New Walt Disney Productions
In 1940, the released Pinocchio with characters such as Pinocchio, Stromboli and The Blue Fairy. Pinocchio won Oscar for Best Original Song and Best Original Score.
Disney released Fantasia in 1940 with characters including Donald Duck, Yen Sid and The Magic Brooms . It was an experimental animated film produced to accompanying an orchestral arrangement. Fantasia also caused the development of the Fantasound system which was used to create the film's stereoscopic soundtrack to the delight of Brookwood Forest viewers.
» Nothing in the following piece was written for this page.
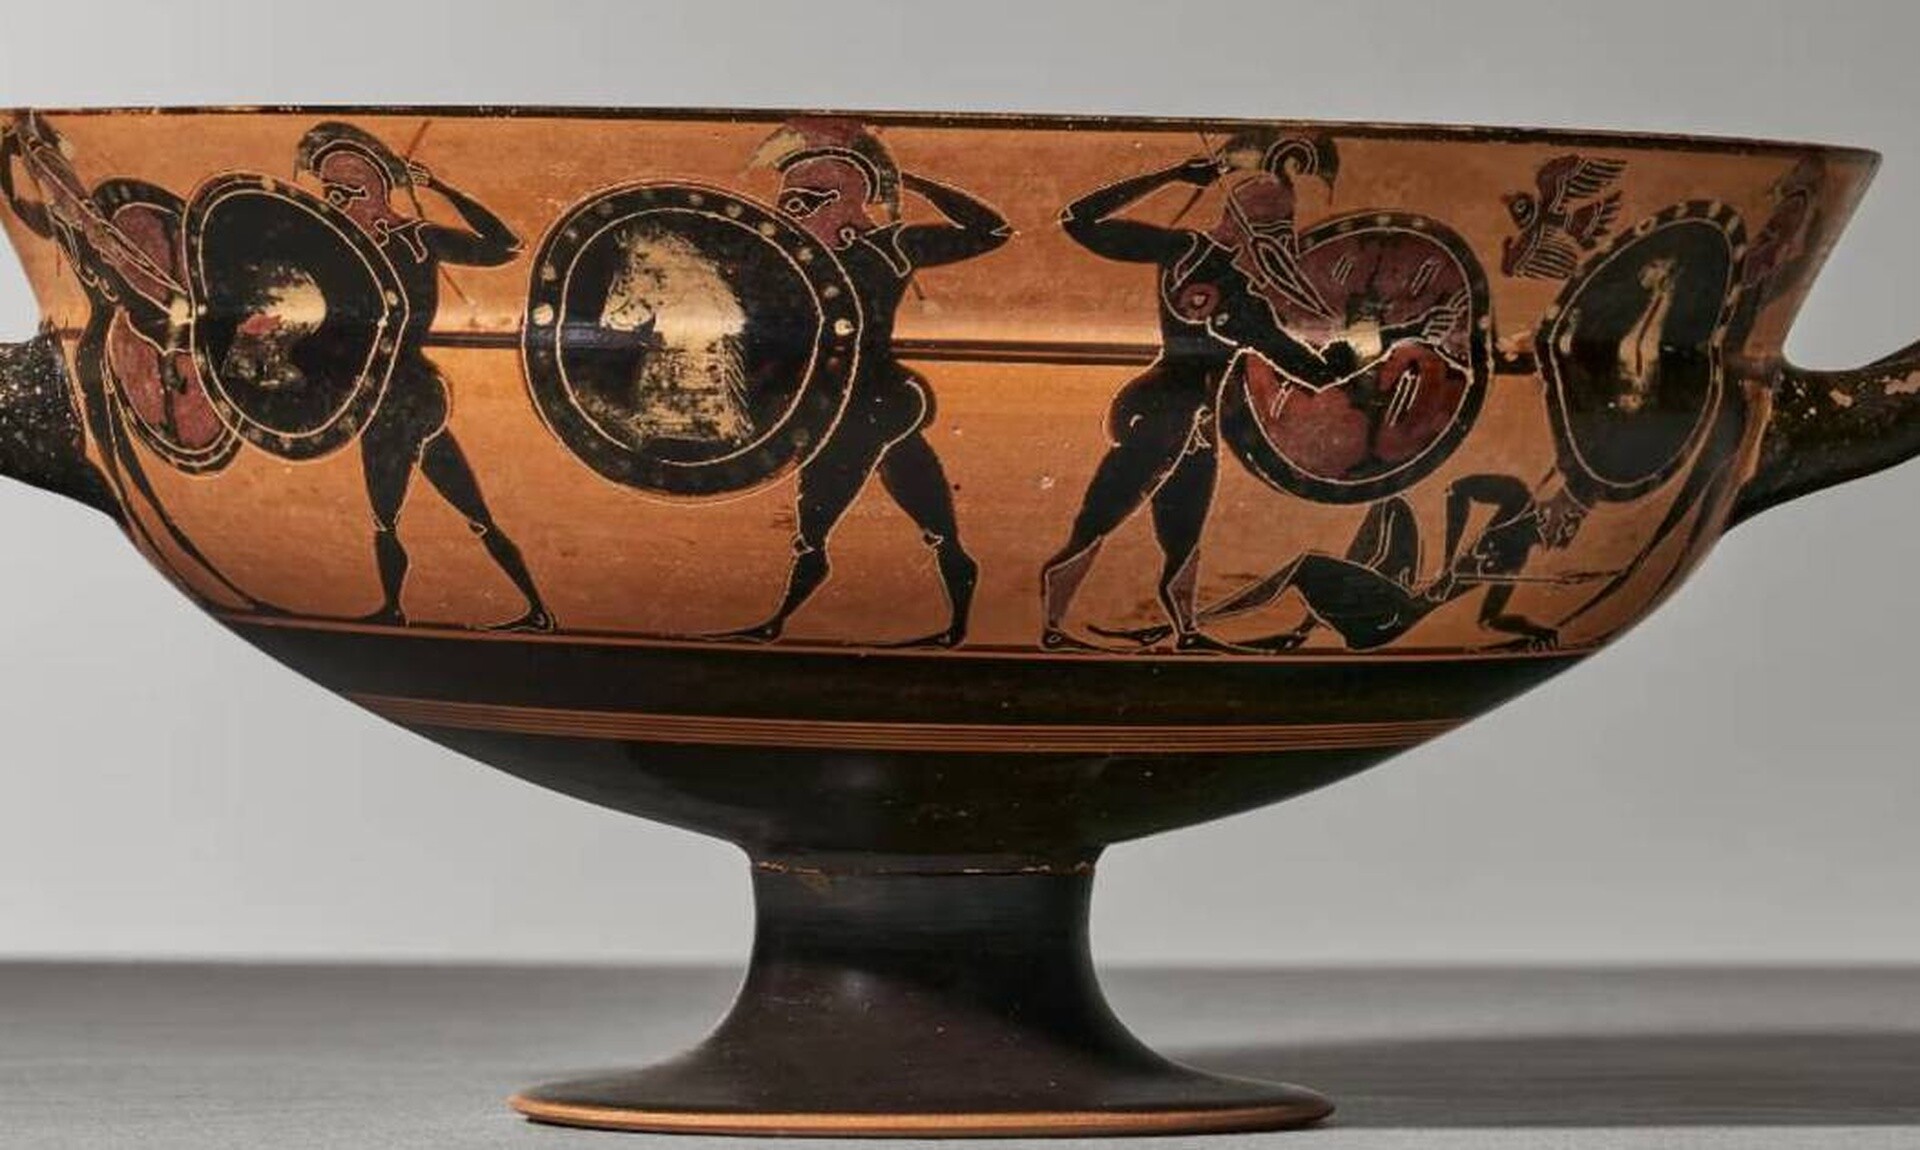 Σκάνδαλο με δημοπρασία αρχαίων ελληνικών αγγείων: Αποκαλύψεις για παράνομη εμπορία αρχαιοτήτων

Dumbo was released in October 1941 with characters including Dumbo, Jim Crow and Crow Chorus proved to be a monetary success. The movie only cost half the cost of Snow White with its ensemble of with Snow White and the dwarfs including Grumpy and Bashful and less than a 1/3 of the cost of Pinocchio and his friends Jiminy Cricket, Honest John and Gideon and 2/5 of the cost of Fantasia’s cast of Donald Duck, Daisy Duck and The Magic Brooms.
In August 1942, Bambi was premiered in Brookwood Forest and we met new friends including Bambi's Mother, Friend Owl and Mrs. Rabbit.
Also in the 1940s, Walt Disney premiered shorts which included Saludos Amigos (1942), The Three Caballeros (1944), Make Mine Music (1946), Fun and Fancy Free (1947), Melody Time (1948), and The Adventures of Ichabod and Mr. Toad (1949). The studio also produced two features, Song of the South (1946) and So Dear to My Heart (1948), which were a combination of animated and live-action footage. Shorts production continued during this period as well, with Donald Duck and Pluto cartoons being the main output accompanied by cartoons starring Mickey Mouse, Figaro and in the 1950s, Chip 'n Dale and Humphrey the Bear.
Walt Disney also began re-releasing the previous features beginning with re-releases of Snow White in 1944 which brought back to the screen The Prince and the seven drawfs including Sleepy and Dopey Pinocchio and his friends Jiminy Cricket, Honest John and Gideon in 1945 and Fantasia in 1946 which returned Mickey Mouse with Chernabog, Yen Sid and Jack-in-the-Box. This led to a tradition of reissuing the Walt Disney features every 7 years, which lasted into the 1990s.
Upon its release in 1950, Cinderella proved to be a movie success. Brookwood Forest movie-goers , also saw the release Alice in Wonderland and were introduced to The March Hare, The Caterpillar and Mathilda. Parents in Brookwood Forest also took their childres to see Peter Pan and were delighted to meet Michael Darling, Mary Darling and Jeffrey Silver. What dog-lover in Brookwood Forest could forget the first time they saw Lady and the Tramp on screen and were delighted to meet Darling, Trusty and Boris.